▸ ACTION ITEM:
In the records below, find the line with "Wien Sonnenaufgang - Leinwandbild" and repeat exactly every line from it through the line with "Jarbly - Web". Pictures stay out.

▸ EXTRACTED ENTRIES:
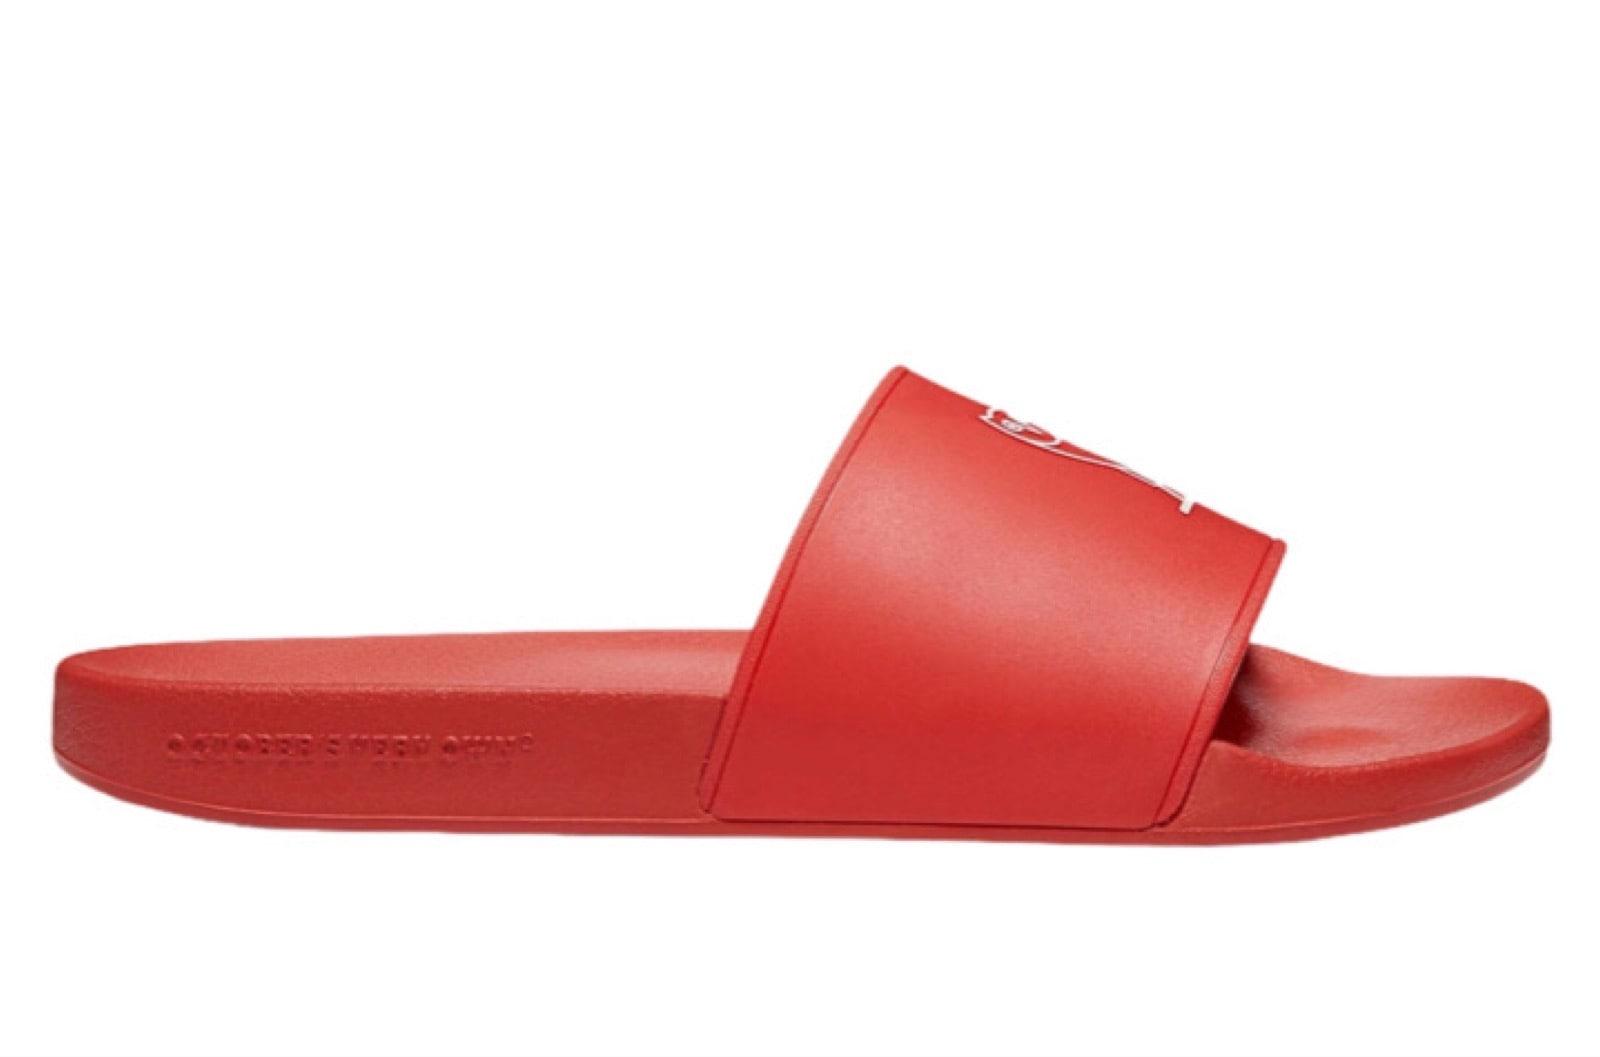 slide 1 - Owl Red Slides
--
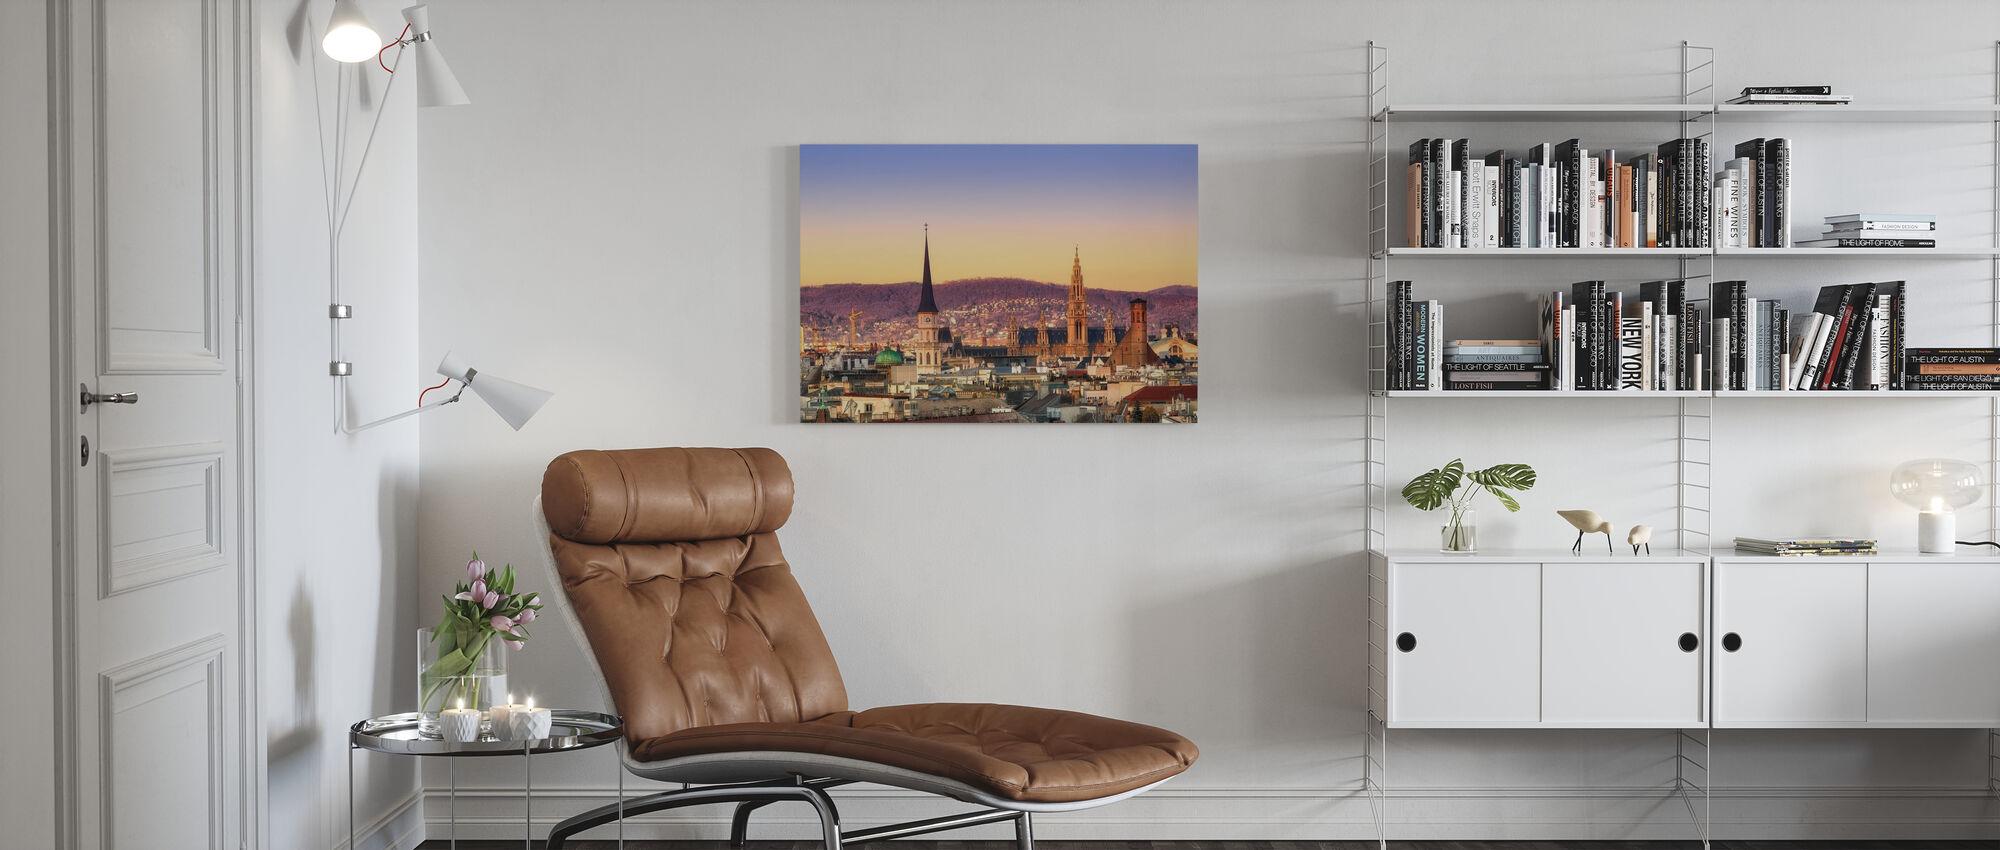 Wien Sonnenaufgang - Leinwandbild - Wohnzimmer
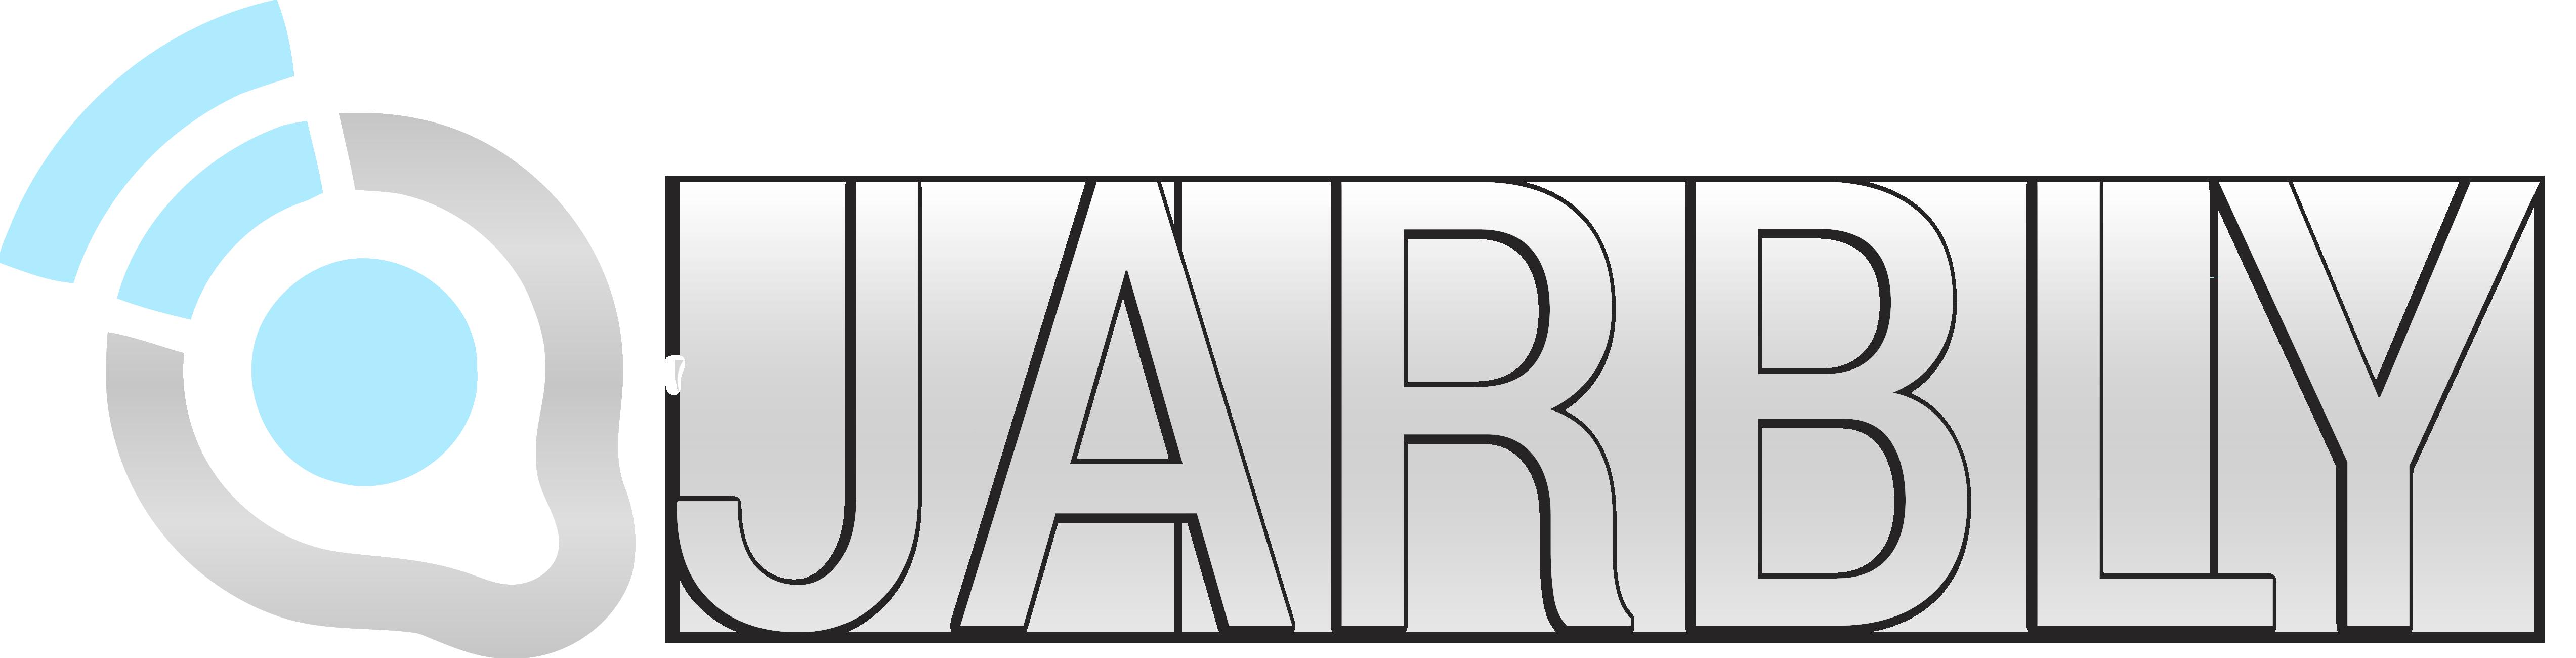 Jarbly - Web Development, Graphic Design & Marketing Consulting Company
--
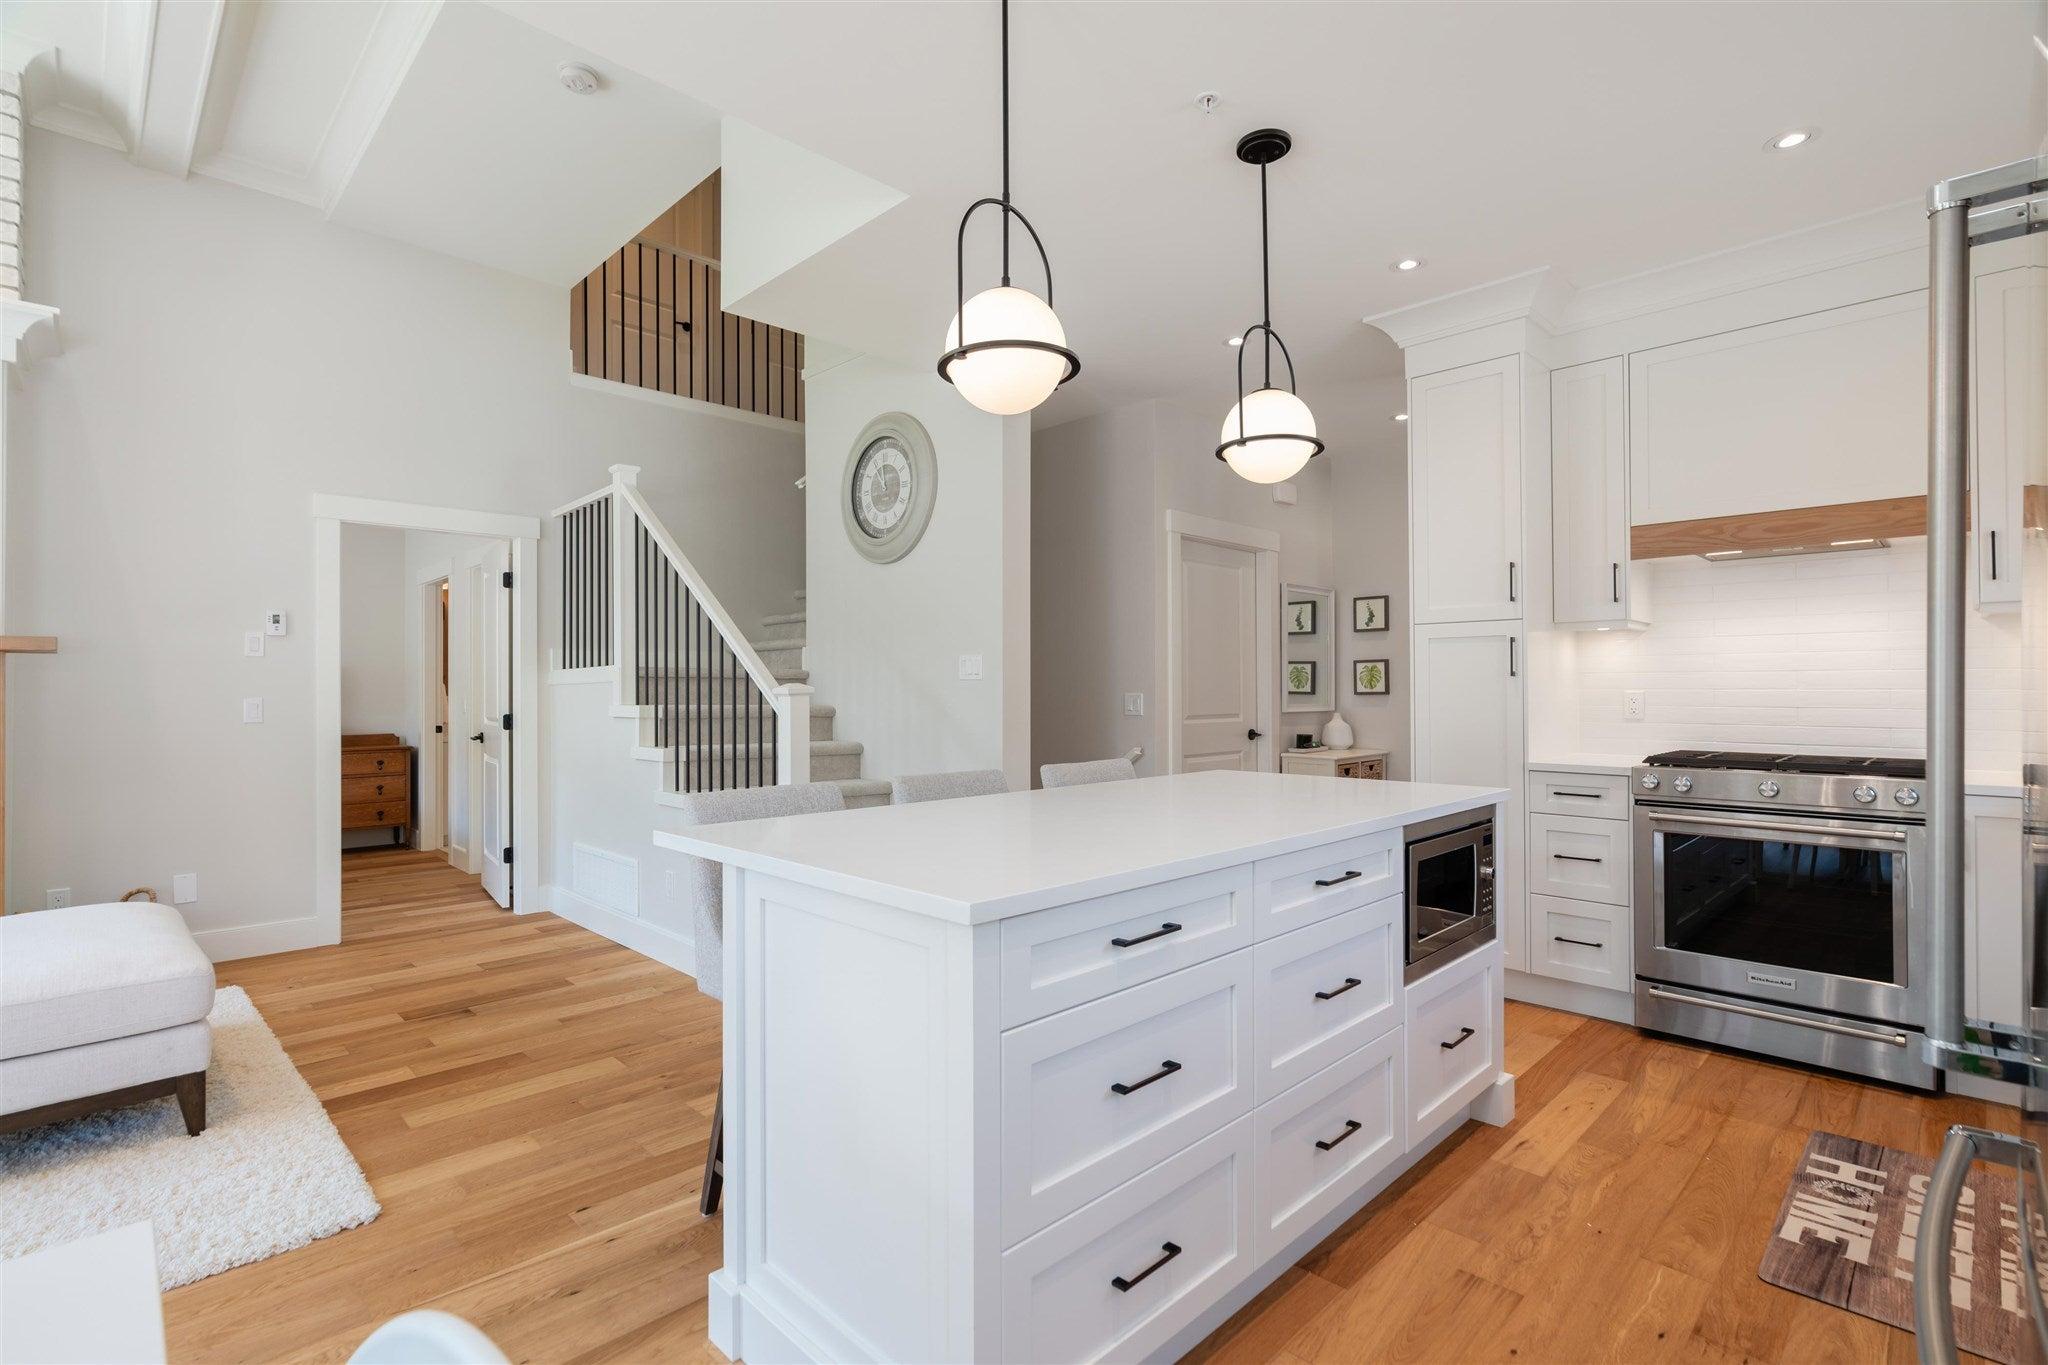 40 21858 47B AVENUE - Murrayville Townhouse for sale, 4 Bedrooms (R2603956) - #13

▸ EXERCISE SOLUTION:
 Wien Sonnenaufgang - Leinwandbild - Wohnzimmer
 Jarbly - Web Development, Graphic Design & Marketing Consulting Company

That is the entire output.